There are also the sectoral surveys and so on, and the predictions about what it is likely to do to the profession if you allow it to do these kinds of services in this jurisdiction. That is about the security benefits, but they are also talking about something like a 10% increase in the likely projection of what cyber-security looks like in this jurisdiction—personnel, GDP and so on.
Q
Professor John Child: There are obviously a number. It is always more comfortable when you have a beginning point of criminalisation. The argument to decriminalise in an environment where you want to protect against threats is sometimes a slightly unintuitive sell. Is the criminalisation that we have doing the necessary work in terms of actually fighting the threats? To some extent, yes, but it is limited. Is it doing harms? There is an argument to say that it is doing harms.

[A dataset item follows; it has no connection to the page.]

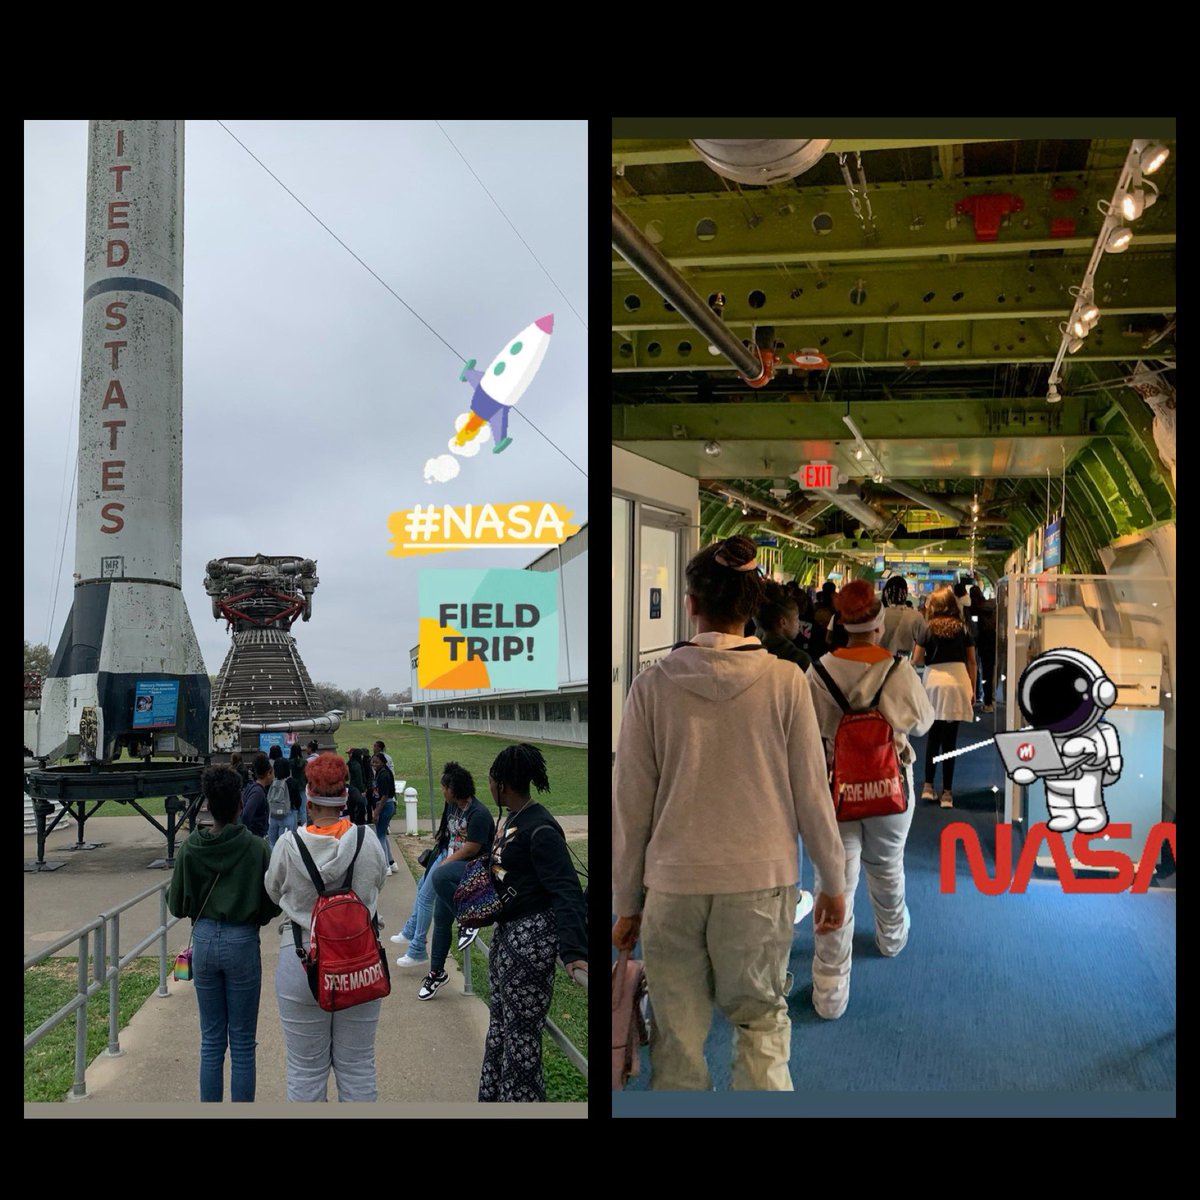 Albright Warriors @CIAAlbright enjoying their Saturday field trip to NASA! @Henderson_CIA @ChiquitaEstavan @TheExecEFFECT @AliefISD @cohmoedu @AISDSupe @TiffanyForAlief @MissPersnikety

This comes back to the point that was made earlier, which was perfectly sensible. When you speak to the CPS and others, their position as prosecutors is to say, “Very few people are being prosecuted, and we certainly don’t want to be prosecuting legitimate cyber-security experts, so there is no problem.” Admittedly, that means there is no problem in terms of actual criminalisation and prosecution, but that is the wrong problem. If you focus on the problem being the chilling effect of the existence of the criminalisation in the first place, you simply cannot solve that through prosecutorial discretion, and nor should you, when it comes to identifying what a wrong is that deserves to be criminalised. You certainly cannot resolve it through sentencing provisions.
The only way that you can sensibly resolve this is either by changing the offence—that is very difficult, not least because, from a position of criminalisation, it might be where other civil jurisdictions begin—or by way of defence, which realistically is the best solve from the point we are at now. If you have a defence that can be specifically tailored for cyber-security and legitimate actors, you can build in reverse burdens of proof. You can build in objective standards of what is required in terms of public interest.
The point here is that the worry is one of bad actors taking advantage. The reality is that that is very unlikely. The idea that the bad actors we identify within the system would be able to demonstrate how they are acting in the public best interest is almost ridiculous. Indeed, the prospect of better threat intelligence, better securities and so on provides more information and better information-sharing to the NCSC and others and actually leads to more potential for prosecution of nefarious actors rather than less.
It is a more complicated story than we might like in terms of a standard case for changing the criminal law, but it is nevertheless an important one.